Jeff MoriartyVice President, Digital ProductsThe Boston Globe
In September 2011, The Boston Globe’s website was among the first to launch as a responsively designed site. The responsive design enabled the Globe’s content to adjust to any screen size automatically. eMarketer’s Tobi Elkin spoke to Jeff Moriarty, vice president of digital products, about the reasons behind the move and the advice he'd offer other publishers contemplating incorporating responsive design into their sites.
eMarketer: What was the motivation for The Globe’s shift to responsive web design?
Moriarty: We did a lot of research into what people wanted from us, and what they wanted was a familiar design that replicated a newspaper reading experience. We had a short window in which to launch and wanted to reach as many users as possible. Believing in the future of mobile, we went down the path of building BostonGlobe.com as our responsive website.
eMarketer: What role did advertising play in making this shift?
Moriarty: The Globe site was intended to be a subscription site first and an advertising product second, so it was somewhat unique from that perspective. This really allowed us to do a lot of the responsive web work because the advertising part of it is pretty complicated. We used ad units that could easily move from one part of the page to the other, and then could easily fit on different screen sizes. We relied on the 300 x 250 banner unit, which kind of floated around the page depending on the size of the screen.
We also started to do an experiment with some responsive ads that adapted themselves to the screen size that users were on. The units resized, removed information or added information depending on the size of the screen. Those ads could go on tablets and mobile devices.
eMarketer: How does responsive design force you to think differently about advertising?
Moriarty: A couple of years ago that was a much harder conversation to have because everyone was pretty locked into standard IAB ad units and there wasn’t any discussion about other types of units. Native solutions and sponsored content actually lend themselves more to responsive design than traditional ad units.

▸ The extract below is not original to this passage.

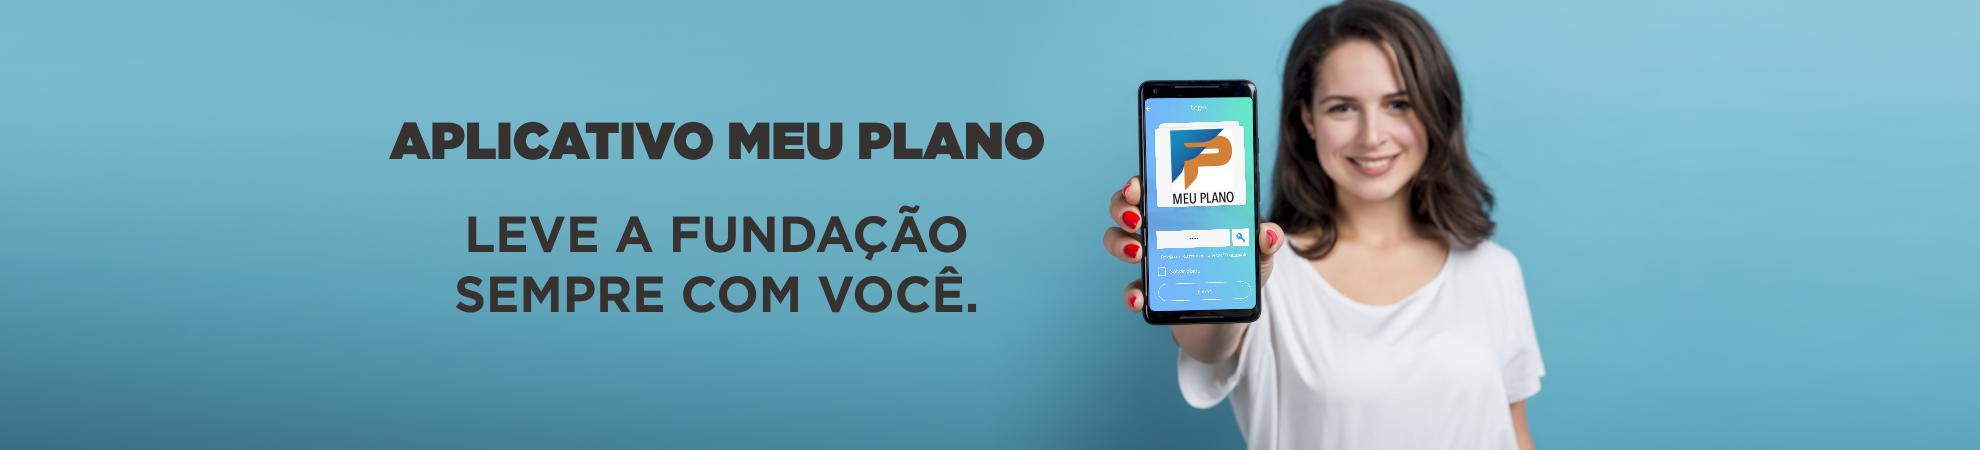 pagina_site_app_meu_plano_3

There’s no real standard for a responsive ad unit yet, although we have tried some things. We ran a JetBlue campaign on BostonGlobe.com over a year ago that involved a responsive ad, so we’ve seen advertisers are interested in experimenting with it. While it’s very early days for the concept of responsive advertising, I do know that a lot of publishers are moving in this direction.
eMarketer: How has the move to responsive web design impacted ad performance and the way the ad sales team sells inventory?
Moriarty: I think we have seen that the ads perform well on BostonGlobe.com and for now the advertisers are fine with the ads sort of moving across to different parts of the page, depending on the screen size. In particular, the 300 x 250 unit works across a lot of different screen sizes. The 300 x 250 units are like the workhorse for all screen sizes right now. The advertiser response to that has been pretty good.
The conversation with advertisers has been a positive one from the beginning, and I think sponsored stories and native advertising in general lend themselves very well to a responsive site. [But] I wouldn’t say that the team is selling responsive ads right now. Our sales team is selling a single audience across all devices and they’re not focused on selling a technology.
eMarketer: What would you advise other publishers that are considering a move to responsive design?
Moriarty: Make sure that you have the infrastructure to support a responsive site in the right way. There are some really easy ways to do responsive web design and they can work on a certain level, but once you get to a large-scale site and you have to think about responsive images or responsive video units, it’s definitely a major investment in technology and expertise.
Responsive does require more testing. Publishers have to look at how things are working across different devices at the same time. It also requires them to think about the payload and making sure that they’re not pushing too much to mobile users and degrading their experience.